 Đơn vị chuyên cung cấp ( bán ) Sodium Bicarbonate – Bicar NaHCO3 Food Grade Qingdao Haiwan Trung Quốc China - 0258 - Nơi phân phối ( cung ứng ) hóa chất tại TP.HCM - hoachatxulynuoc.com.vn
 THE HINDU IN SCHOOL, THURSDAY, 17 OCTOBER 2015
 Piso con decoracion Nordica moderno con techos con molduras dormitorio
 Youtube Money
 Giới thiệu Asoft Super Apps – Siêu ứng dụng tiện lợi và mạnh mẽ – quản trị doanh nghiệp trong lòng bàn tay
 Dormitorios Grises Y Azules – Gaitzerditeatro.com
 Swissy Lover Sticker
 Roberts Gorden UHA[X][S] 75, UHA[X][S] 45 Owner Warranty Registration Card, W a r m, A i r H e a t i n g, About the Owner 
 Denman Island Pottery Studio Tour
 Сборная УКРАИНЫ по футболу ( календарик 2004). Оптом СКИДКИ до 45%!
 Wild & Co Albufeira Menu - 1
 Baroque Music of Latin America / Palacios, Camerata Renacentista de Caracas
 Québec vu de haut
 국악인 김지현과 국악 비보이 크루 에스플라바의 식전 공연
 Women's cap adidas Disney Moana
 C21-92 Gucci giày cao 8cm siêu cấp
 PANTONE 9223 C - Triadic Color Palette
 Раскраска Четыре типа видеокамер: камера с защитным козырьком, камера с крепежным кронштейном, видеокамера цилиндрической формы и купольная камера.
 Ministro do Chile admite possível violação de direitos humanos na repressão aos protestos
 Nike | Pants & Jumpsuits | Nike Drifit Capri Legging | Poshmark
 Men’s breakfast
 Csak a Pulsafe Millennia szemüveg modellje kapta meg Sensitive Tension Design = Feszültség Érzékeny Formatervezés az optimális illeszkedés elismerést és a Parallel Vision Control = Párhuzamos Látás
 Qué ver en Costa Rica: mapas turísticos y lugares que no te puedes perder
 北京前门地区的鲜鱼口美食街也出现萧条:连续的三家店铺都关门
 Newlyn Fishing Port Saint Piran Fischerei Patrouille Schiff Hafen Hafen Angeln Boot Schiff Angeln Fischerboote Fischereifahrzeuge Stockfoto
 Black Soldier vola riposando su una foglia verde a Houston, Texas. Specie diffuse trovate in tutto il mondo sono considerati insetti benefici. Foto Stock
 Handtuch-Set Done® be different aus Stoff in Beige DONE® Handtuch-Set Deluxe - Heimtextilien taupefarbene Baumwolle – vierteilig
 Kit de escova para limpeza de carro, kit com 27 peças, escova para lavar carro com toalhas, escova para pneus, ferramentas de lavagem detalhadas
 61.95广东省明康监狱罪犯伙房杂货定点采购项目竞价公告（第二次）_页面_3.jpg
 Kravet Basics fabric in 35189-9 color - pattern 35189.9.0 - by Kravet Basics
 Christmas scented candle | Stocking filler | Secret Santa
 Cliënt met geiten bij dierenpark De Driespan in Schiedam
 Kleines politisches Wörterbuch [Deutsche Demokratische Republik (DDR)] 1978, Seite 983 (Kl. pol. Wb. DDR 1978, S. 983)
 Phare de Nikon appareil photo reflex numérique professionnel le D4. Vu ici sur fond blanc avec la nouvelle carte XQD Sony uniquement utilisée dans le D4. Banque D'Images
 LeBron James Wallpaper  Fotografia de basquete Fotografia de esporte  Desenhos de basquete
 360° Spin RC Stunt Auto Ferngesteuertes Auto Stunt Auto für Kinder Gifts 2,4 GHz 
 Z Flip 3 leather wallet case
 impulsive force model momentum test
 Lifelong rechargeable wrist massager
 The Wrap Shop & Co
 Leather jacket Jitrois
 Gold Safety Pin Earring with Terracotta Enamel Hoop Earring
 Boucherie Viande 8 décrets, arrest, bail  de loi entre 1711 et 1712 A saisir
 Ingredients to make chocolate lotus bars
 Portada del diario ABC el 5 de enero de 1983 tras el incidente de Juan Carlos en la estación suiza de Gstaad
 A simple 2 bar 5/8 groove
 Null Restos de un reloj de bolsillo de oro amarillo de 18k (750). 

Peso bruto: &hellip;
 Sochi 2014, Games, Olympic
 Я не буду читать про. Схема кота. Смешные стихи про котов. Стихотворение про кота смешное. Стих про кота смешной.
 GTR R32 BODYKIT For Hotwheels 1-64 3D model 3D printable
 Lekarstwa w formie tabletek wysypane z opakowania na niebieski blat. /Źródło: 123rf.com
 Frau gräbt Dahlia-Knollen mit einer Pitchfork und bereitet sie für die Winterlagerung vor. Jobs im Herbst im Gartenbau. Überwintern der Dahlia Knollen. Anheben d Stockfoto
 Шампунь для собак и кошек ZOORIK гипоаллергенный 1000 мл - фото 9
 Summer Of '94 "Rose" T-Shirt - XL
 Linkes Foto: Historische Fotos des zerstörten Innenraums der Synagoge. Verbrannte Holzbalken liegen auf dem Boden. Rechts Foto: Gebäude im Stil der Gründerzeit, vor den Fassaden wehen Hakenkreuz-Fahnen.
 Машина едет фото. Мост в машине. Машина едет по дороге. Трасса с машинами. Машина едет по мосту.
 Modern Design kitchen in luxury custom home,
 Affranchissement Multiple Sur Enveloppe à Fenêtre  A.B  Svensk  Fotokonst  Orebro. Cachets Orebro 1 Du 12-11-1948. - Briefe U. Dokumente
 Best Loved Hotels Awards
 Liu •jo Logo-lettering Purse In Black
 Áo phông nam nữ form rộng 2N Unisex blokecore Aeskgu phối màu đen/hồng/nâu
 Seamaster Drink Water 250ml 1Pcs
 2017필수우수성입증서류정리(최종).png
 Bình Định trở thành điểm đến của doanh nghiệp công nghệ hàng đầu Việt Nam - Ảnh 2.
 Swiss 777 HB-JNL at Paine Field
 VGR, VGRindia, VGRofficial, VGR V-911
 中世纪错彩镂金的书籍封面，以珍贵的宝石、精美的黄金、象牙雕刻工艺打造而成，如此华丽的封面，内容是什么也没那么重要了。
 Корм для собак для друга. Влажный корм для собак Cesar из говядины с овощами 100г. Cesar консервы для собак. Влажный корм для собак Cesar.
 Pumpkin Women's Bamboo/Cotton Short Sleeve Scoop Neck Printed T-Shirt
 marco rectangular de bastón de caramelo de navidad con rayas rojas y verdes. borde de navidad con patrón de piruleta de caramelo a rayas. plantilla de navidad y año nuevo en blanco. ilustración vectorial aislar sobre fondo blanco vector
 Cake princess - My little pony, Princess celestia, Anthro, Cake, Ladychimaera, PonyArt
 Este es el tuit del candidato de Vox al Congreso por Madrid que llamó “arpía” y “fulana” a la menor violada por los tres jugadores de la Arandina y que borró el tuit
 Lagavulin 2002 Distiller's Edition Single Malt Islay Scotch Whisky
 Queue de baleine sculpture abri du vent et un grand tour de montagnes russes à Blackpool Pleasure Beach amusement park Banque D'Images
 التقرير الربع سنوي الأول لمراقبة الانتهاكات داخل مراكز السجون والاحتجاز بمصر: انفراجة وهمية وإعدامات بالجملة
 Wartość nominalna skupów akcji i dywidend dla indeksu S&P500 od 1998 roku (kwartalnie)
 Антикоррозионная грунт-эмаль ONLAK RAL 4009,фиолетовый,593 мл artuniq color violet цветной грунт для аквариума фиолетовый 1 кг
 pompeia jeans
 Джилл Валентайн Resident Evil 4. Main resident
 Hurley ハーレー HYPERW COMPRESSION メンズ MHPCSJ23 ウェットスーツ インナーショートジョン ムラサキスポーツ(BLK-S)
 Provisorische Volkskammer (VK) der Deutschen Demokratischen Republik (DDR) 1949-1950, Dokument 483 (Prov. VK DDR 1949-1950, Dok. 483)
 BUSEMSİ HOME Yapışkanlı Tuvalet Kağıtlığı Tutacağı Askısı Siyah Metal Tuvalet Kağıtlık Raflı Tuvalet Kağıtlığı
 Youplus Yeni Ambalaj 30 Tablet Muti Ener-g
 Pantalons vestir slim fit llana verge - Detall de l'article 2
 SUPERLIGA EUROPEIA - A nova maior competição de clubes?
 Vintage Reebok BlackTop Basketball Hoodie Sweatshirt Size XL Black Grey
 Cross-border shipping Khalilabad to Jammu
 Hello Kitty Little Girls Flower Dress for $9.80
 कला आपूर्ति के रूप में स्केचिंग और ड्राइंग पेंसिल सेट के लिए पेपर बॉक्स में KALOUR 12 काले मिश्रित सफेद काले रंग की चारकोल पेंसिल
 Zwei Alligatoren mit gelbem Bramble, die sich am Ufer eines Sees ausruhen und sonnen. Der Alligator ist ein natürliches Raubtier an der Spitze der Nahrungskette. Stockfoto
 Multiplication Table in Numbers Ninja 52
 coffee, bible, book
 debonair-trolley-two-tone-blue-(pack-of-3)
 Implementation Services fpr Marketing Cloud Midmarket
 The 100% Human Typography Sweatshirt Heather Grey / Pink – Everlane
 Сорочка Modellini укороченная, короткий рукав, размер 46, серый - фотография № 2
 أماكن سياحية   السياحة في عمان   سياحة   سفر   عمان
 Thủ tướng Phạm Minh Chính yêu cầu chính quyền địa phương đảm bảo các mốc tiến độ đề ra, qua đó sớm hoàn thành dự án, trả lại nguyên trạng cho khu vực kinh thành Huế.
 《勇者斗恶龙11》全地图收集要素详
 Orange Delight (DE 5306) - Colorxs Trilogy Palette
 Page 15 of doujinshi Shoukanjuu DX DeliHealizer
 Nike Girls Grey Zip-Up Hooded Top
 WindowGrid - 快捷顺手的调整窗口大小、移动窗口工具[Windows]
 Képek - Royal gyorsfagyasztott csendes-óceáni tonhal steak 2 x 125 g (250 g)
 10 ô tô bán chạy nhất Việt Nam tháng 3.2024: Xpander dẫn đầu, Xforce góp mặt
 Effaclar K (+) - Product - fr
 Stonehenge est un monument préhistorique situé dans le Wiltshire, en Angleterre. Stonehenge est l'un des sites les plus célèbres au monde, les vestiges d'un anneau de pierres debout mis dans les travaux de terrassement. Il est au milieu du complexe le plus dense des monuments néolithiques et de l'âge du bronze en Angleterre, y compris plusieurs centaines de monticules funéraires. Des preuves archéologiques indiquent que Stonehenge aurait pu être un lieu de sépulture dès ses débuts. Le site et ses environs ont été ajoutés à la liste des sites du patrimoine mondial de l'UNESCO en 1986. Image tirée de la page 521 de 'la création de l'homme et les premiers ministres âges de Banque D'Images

### THE PROBLEM:
When you reach the line containing "Leather jacket Jitrois" in the data above, start copying exactly, and stop after the line containing "2017필수우수성입증서류정리(최종).png".

### WRITTEN ANSWER:
 Leather jacket Jitrois
 Gold Safety Pin Earring with Terracotta Enamel Hoop Earring
 Boucherie Viande 8 décrets, arrest, bail  de loi entre 1711 et 1712 A saisir
 Ingredients to make chocolate lotus bars
 Portada del diario ABC el 5 de enero de 1983 tras el incidente de Juan Carlos en la estación suiza de Gstaad
 A simple 2 bar 5/8 groove
 Null Restos de un reloj de bolsillo de oro amarillo de 18k (750). 

Peso bruto: &hellip;
 Sochi 2014, Games, Olympic
 Я не буду читать про. Схема кота. Смешные стихи про котов. Стихотворение про кота смешное. Стих про кота смешной.
 GTR R32 BODYKIT For Hotwheels 1-64 3D model 3D printable
 Lekarstwa w formie tabletek wysypane z opakowania na niebieski blat. /Źródło: 123rf.com
 Frau gräbt Dahlia-Knollen mit einer Pitchfork und bereitet sie für die Winterlagerung vor. Jobs im Herbst im Gartenbau. Überwintern der Dahlia Knollen. Anheben d Stockfoto
 Шампунь для собак и кошек ZOORIK гипоаллергенный 1000 мл - фото 9
 Summer Of '94 "Rose" T-Shirt - XL
 Linkes Foto: Historische Fotos des zerstörten Innenraums der Synagoge. Verbrannte Holzbalken liegen auf dem Boden. Rechts Foto: Gebäude im Stil der Gründerzeit, vor den Fassaden wehen Hakenkreuz-Fahnen.
 Машина едет фото. Мост в машине. Машина едет по дороге. Трасса с машинами. Машина едет по мосту.
 Modern Design kitchen in luxury custom home,
 Affranchissement Multiple Sur Enveloppe à Fenêtre  A.B  Svensk  Fotokonst  Orebro. Cachets Orebro 1 Du 12-11-1948. - Briefe U. Dokumente
 Best Loved Hotels Awards
 Liu •jo Logo-lettering Purse In Black
 Áo phông nam nữ form rộng 2N Unisex blokecore Aeskgu phối màu đen/hồng/nâu
 Seamaster Drink Water 250ml 1Pcs
 2017필수우수성입증서류정리(최종).png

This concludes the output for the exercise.